§ The task
Every record that follows is to be copied exactly, with the pictures omitted.

§ The data
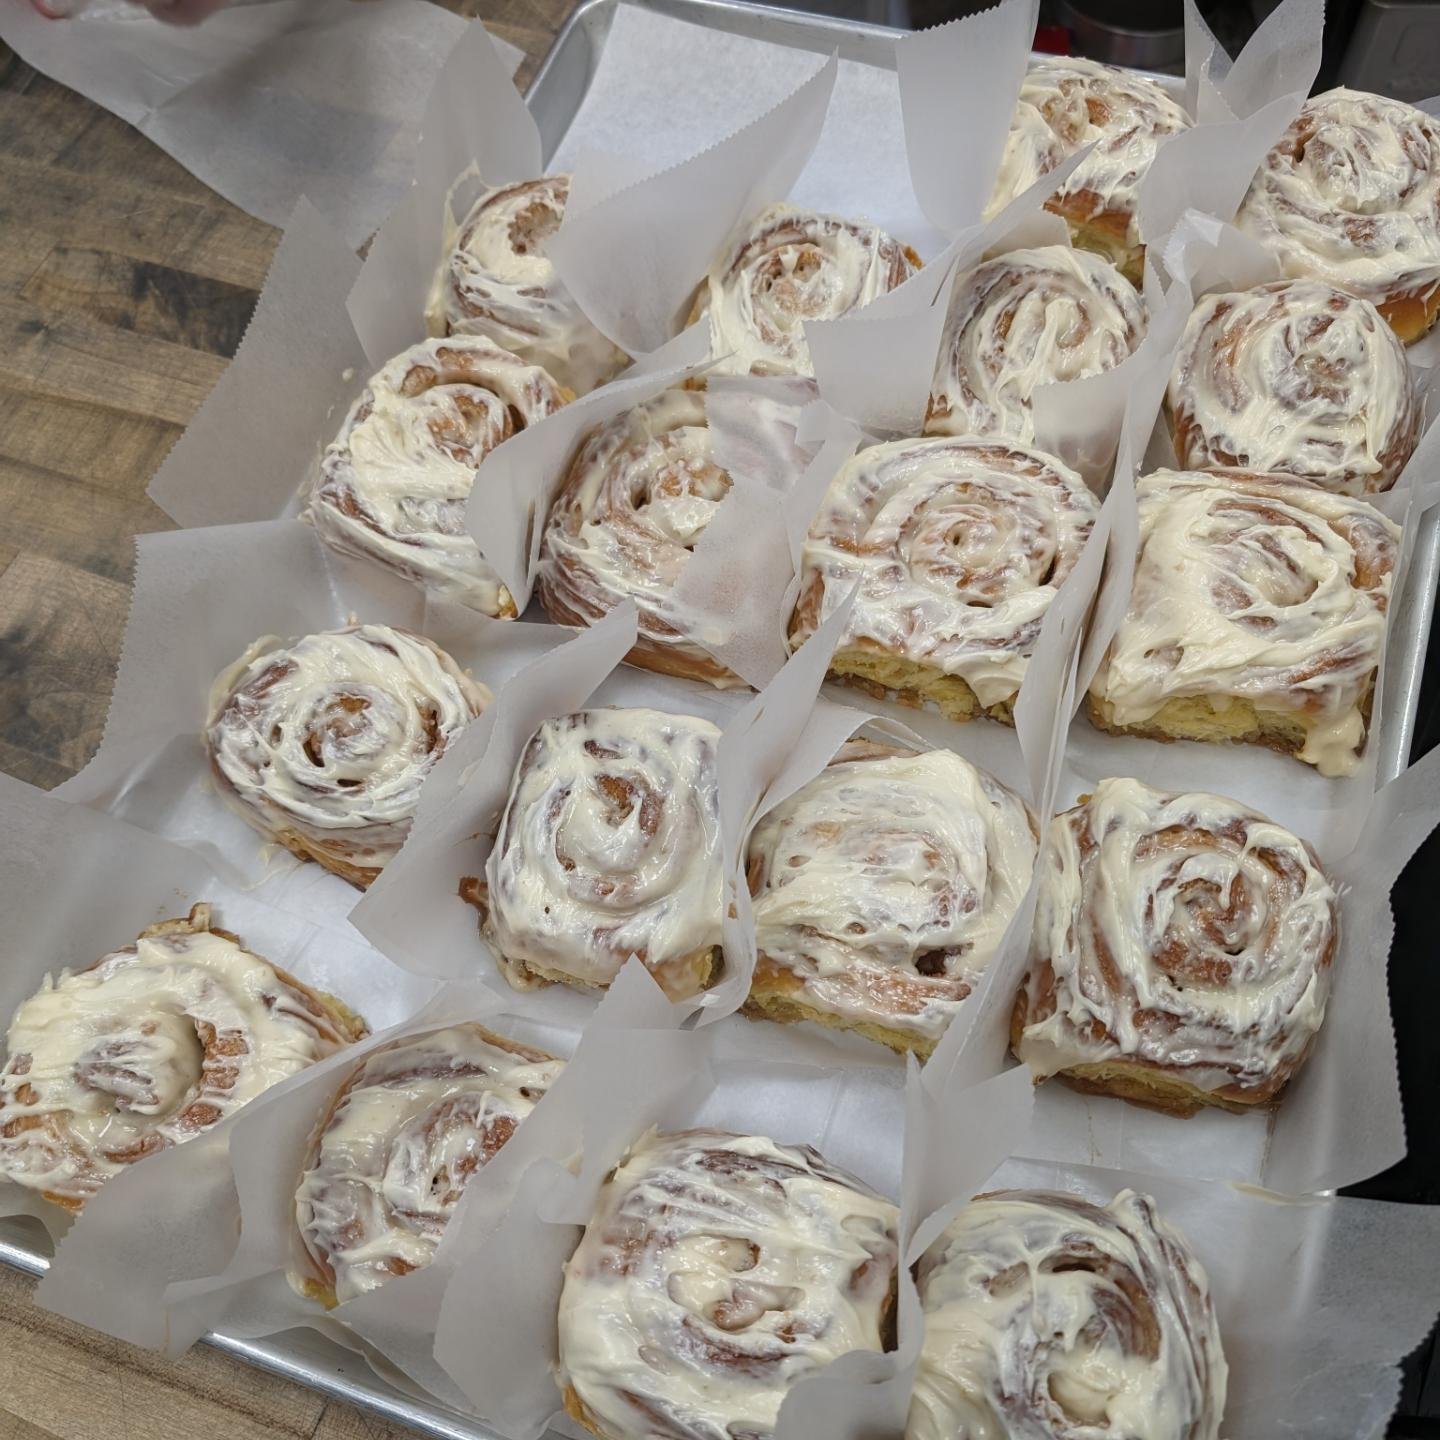 PICK YOUR PASSION.
Cinnamon Rolls with cream cheese frosting
or...
a beefed up pup cup for your fur-baby. 🐾

Come join us for pup cup Palooza, we've got some hig end pup cups, all pup cups sales go to @lakehumanesociety ! And it's the last day for a

§ Completed exercise
 PICK YOUR PASSION.
Cinnamon Rolls with cream cheese frosting
or...
a beefed up pup cup for your fur-baby. 🐾

Come join us for pup cup Palooza, we've got some hig end pup cups, all pup cups sales go to @lakehumanesociety ! And it's the last day for a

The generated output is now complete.